* _Exercise aim_: What is needed here is an exact printout of the data, with no pictures included.

* _Given material_:

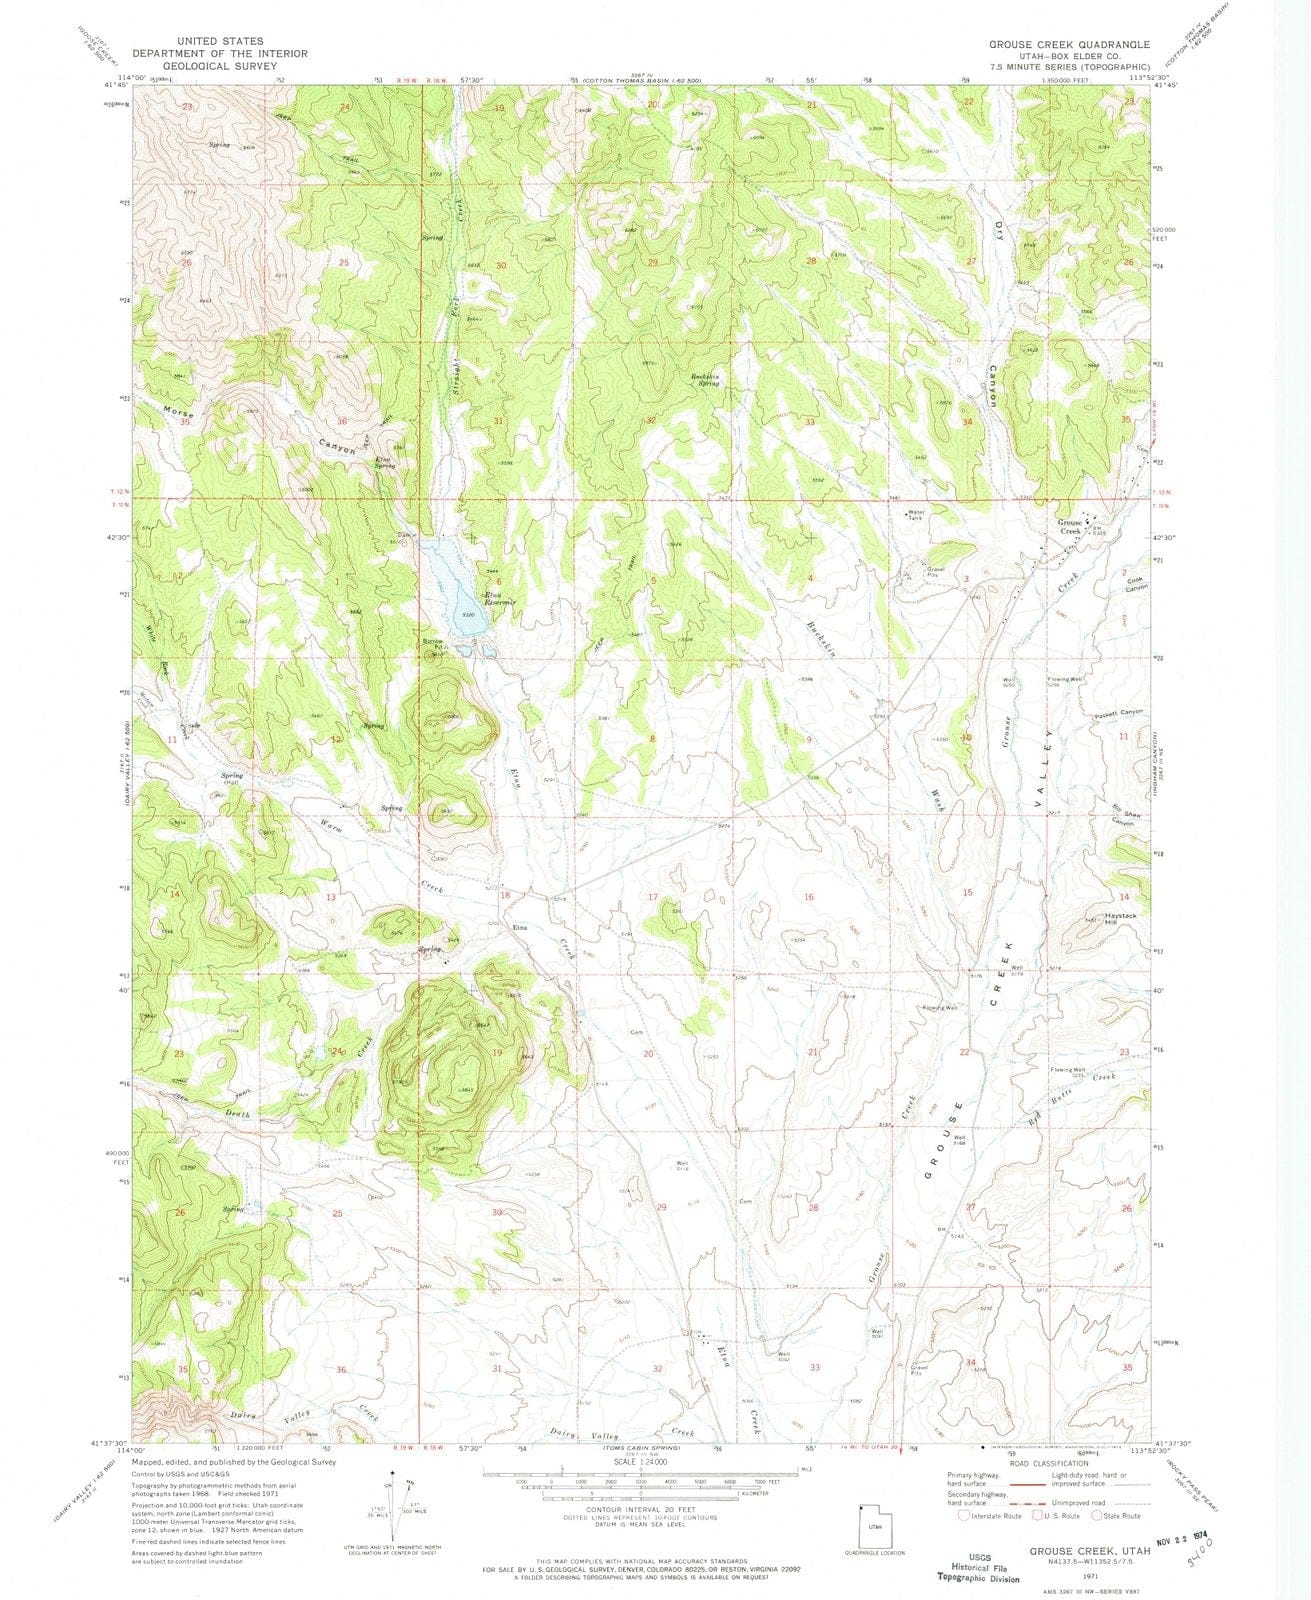 1971 Grouse Creek, UT - Utah - USGS Topographic Map
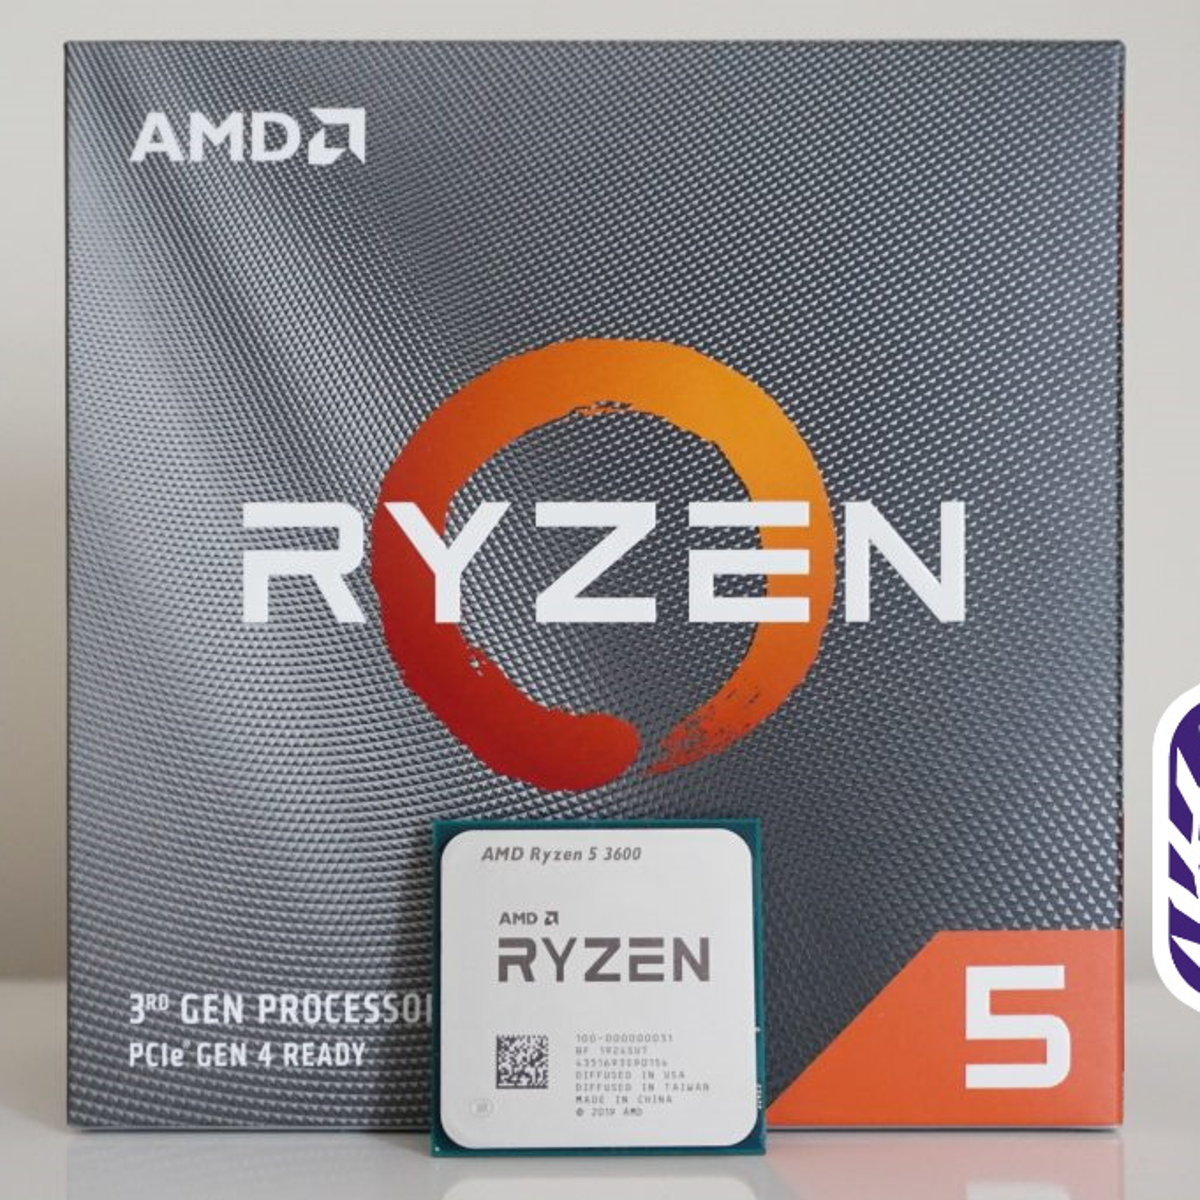 Primitief kamp dood AMD Ryzen 5 3600 review: A great value gaming CPU | Rock Paper Shotgun
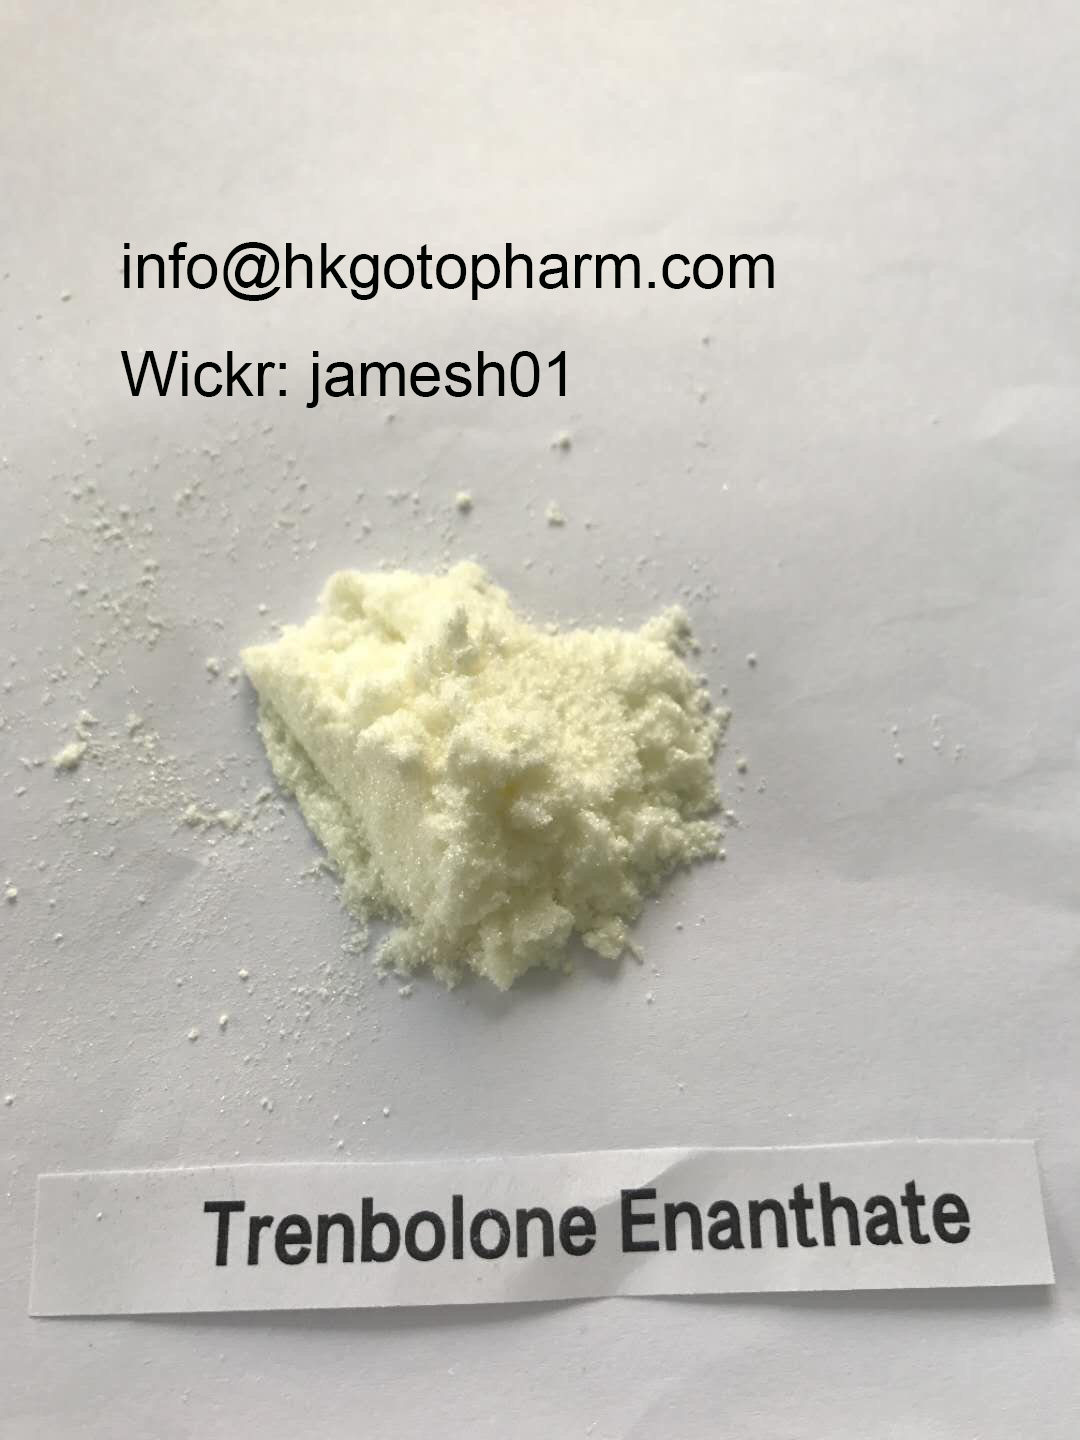 Pure Trenbolone Enanthate powder
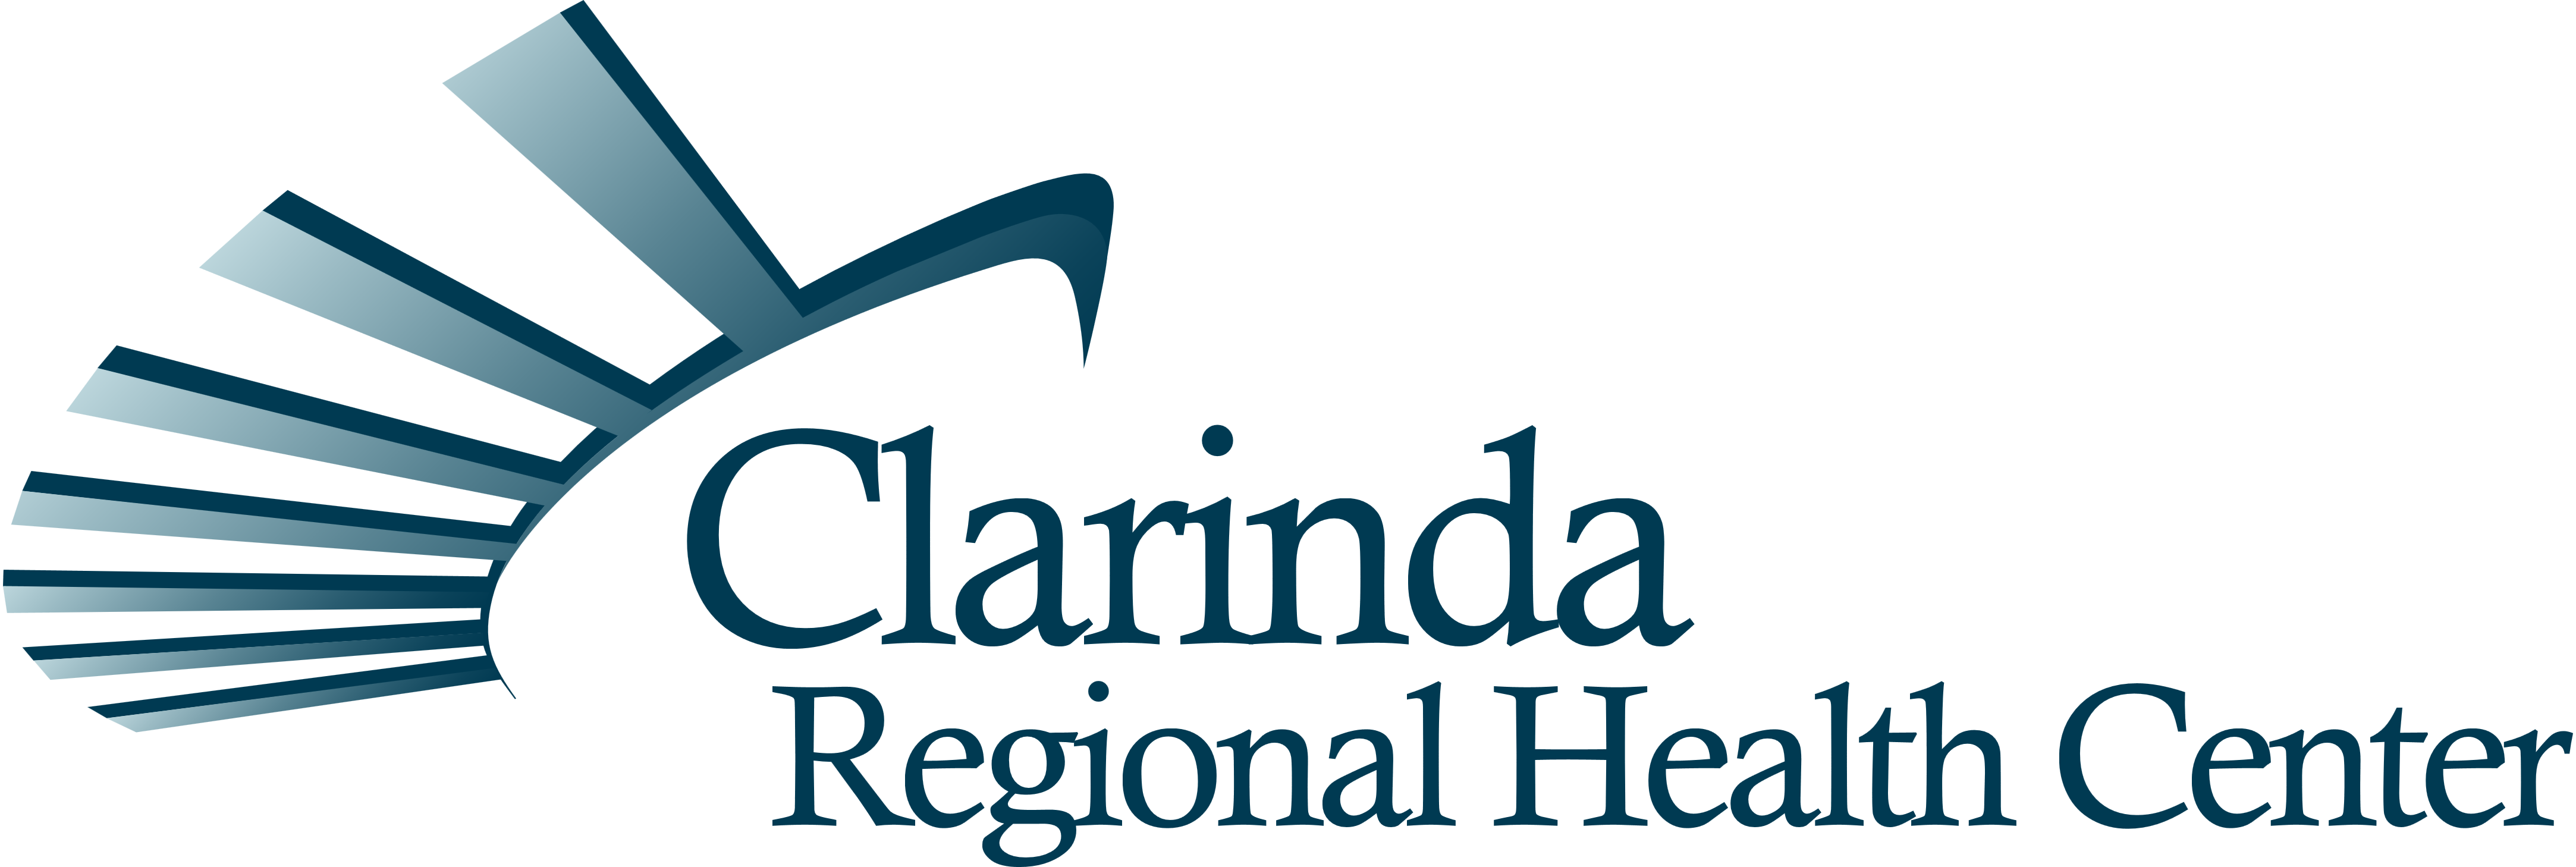 Clarinda Regional Health Center Logos Download

* _Expected answer_:
 1971 Grouse Creek, UT - Utah - USGS Topographic Map
 Primitief kamp dood AMD Ryzen 5 3600 review: A great value gaming CPU | Rock Paper Shotgun
 Pure Trenbolone Enanthate powder
 Clarinda Regional Health Center Logos Download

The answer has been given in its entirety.